The bad news for Nokia Corporation (NYSE:NOK) right now is that its earnings are near all-time lows, and it has lost its position as the number one mobile phone manufacturer in the world. The end result is that its stock price is down by almost 66% from its 52-week high. The good news is that Nokia's stock began to rally near the end of July, and this rally will kick in again in the very near future.
There is no reason why this company's stock should have gone below $2. The company has over $12 billion in cash and carries one of the most admired brand names in the world, the company should not be trading at a level that makes one think bankruptcy is on the horizon.
Nokia has received some good news, and its future looks much brighter now. The biggest problem that Nokia had was that after it abandoned its Symbian operating system in favor of Microsoft's (NASDAQ:MSFT) Window operating system, it was unable to compete against competitors like Apple (NASDAQ:AAPL) and Samsung (OTC:SSNLF) in the competitive smartphone market.
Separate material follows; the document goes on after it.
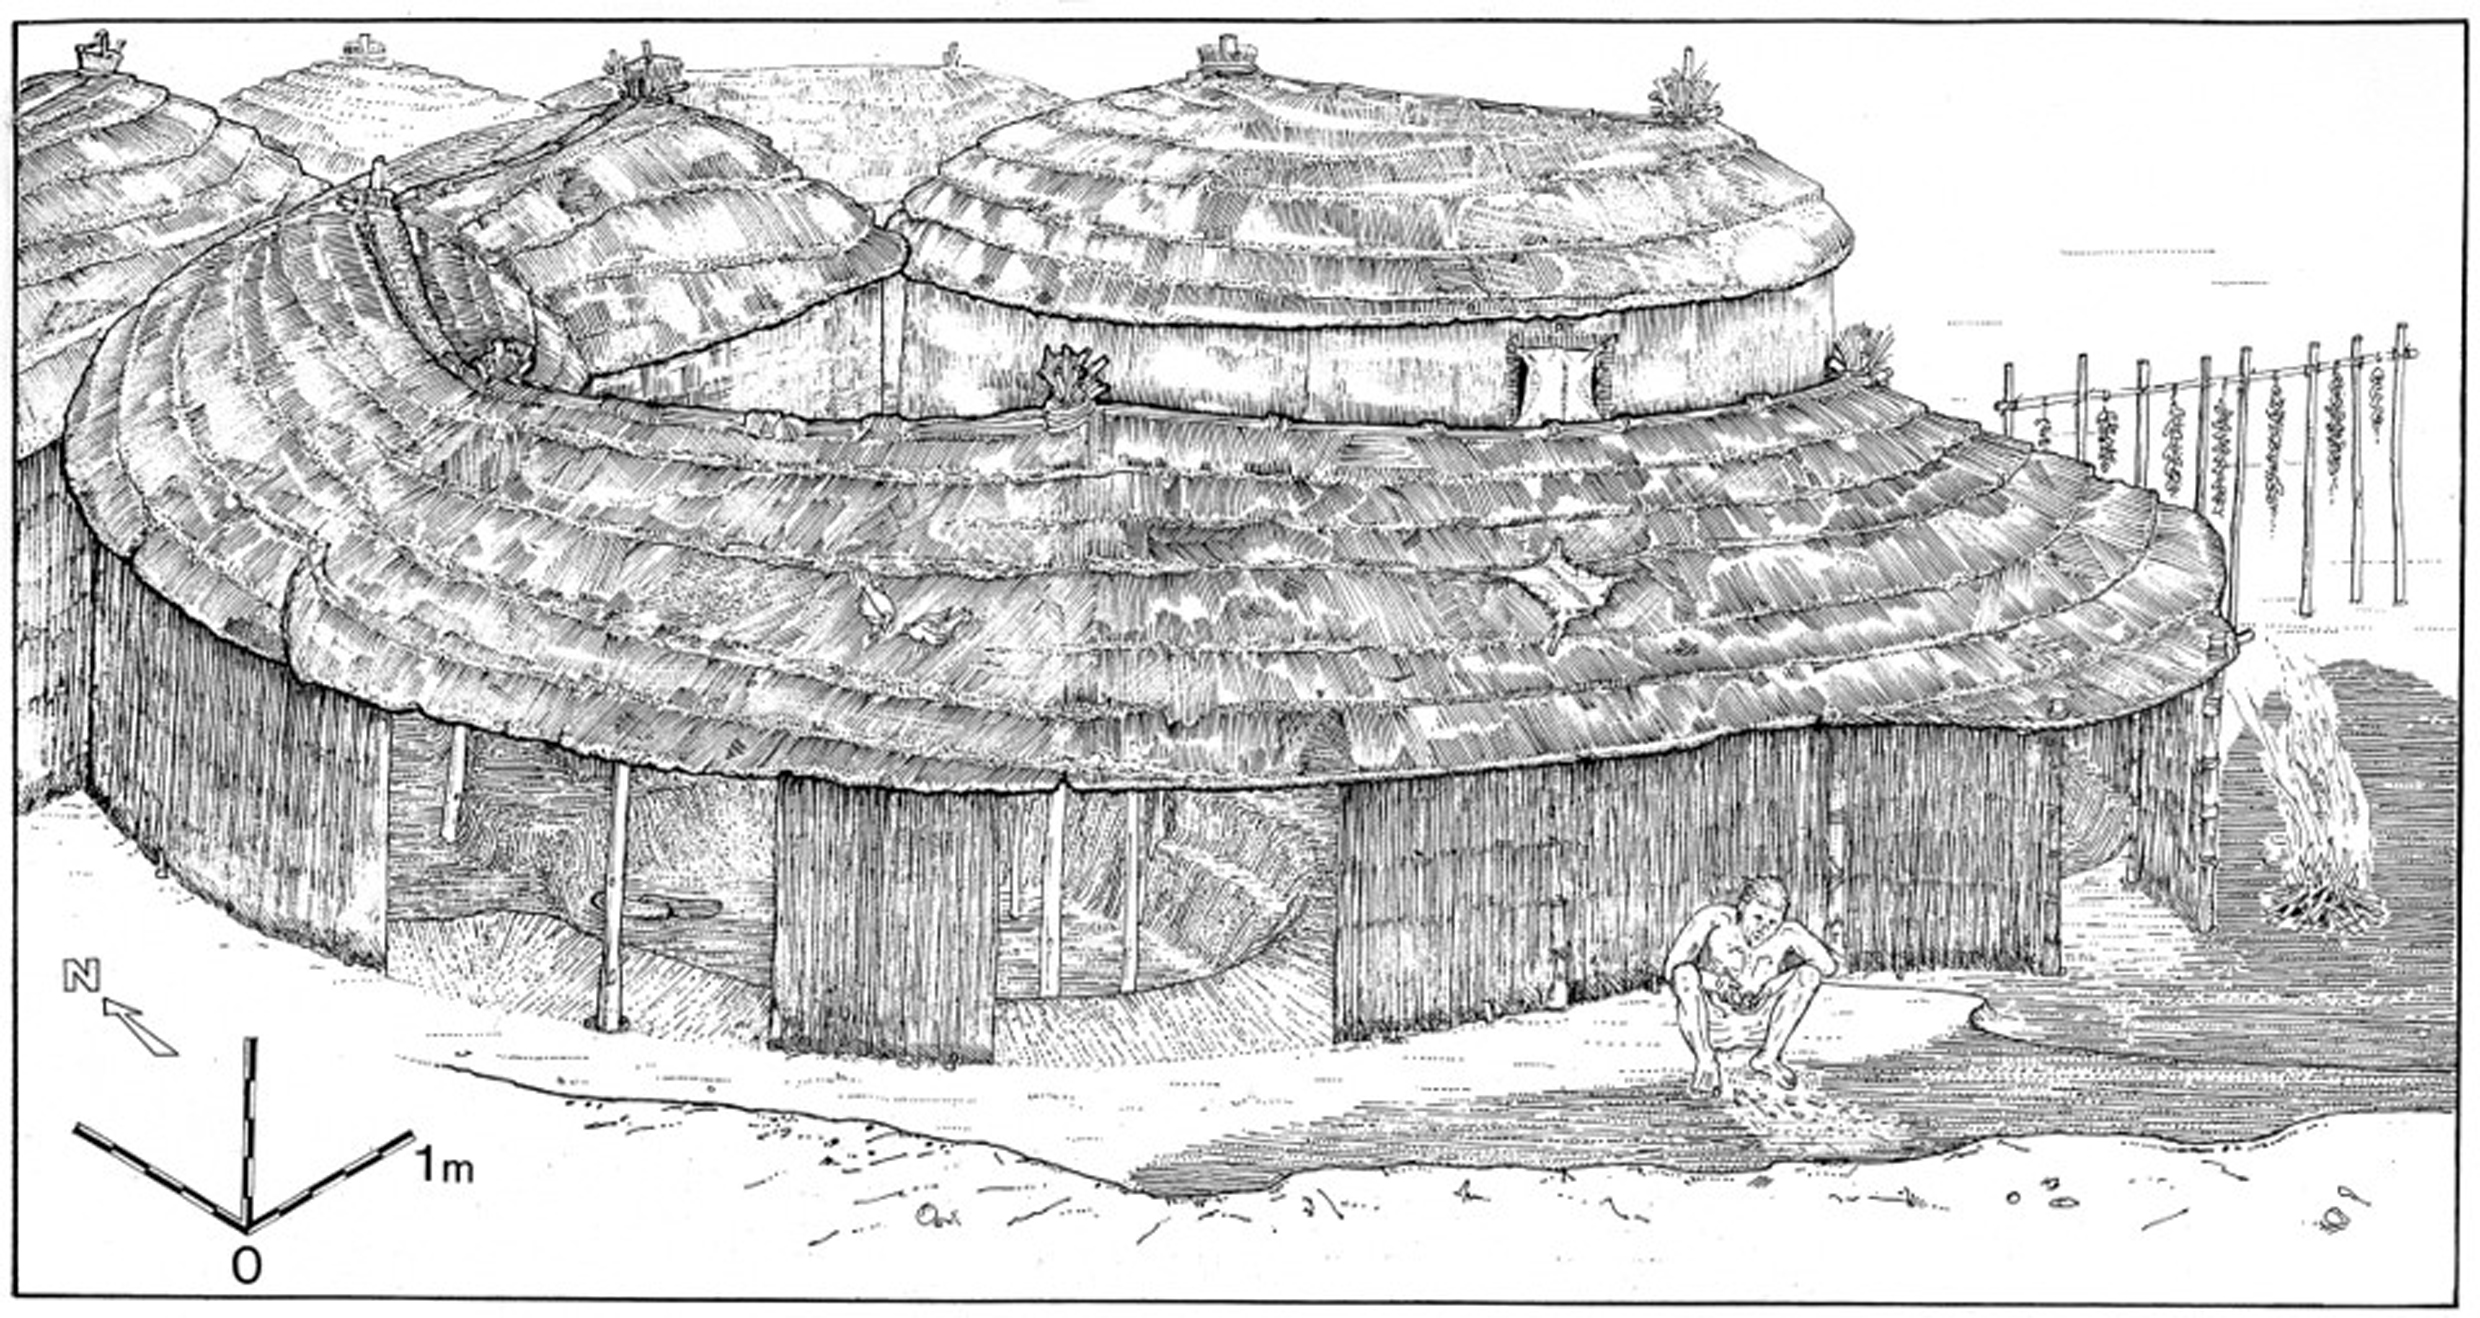 An artist's impression of a hunter-gather hut

But recent news has come out that makes it appear that Nokia may once again become a competitor in the smartphone market.
On July 19, shares of Nokia rose 8% higher after the company announced it had sold 4 million new Lumia smartphones running Windows in the second quarter, more than analysts had expected, and double its sales in the first quarter. News that the Lumia window phones were increasing in popularity was the spark that pushed Nokia's stock price higher. Microsoft plans to aggressively promote the release of its Windows 8 operating system. That will help to enhance the release of Lumia Windows 8 phones through Verizon (NYSE:VZ), AT&T (NYSE:T), and T-Mobile.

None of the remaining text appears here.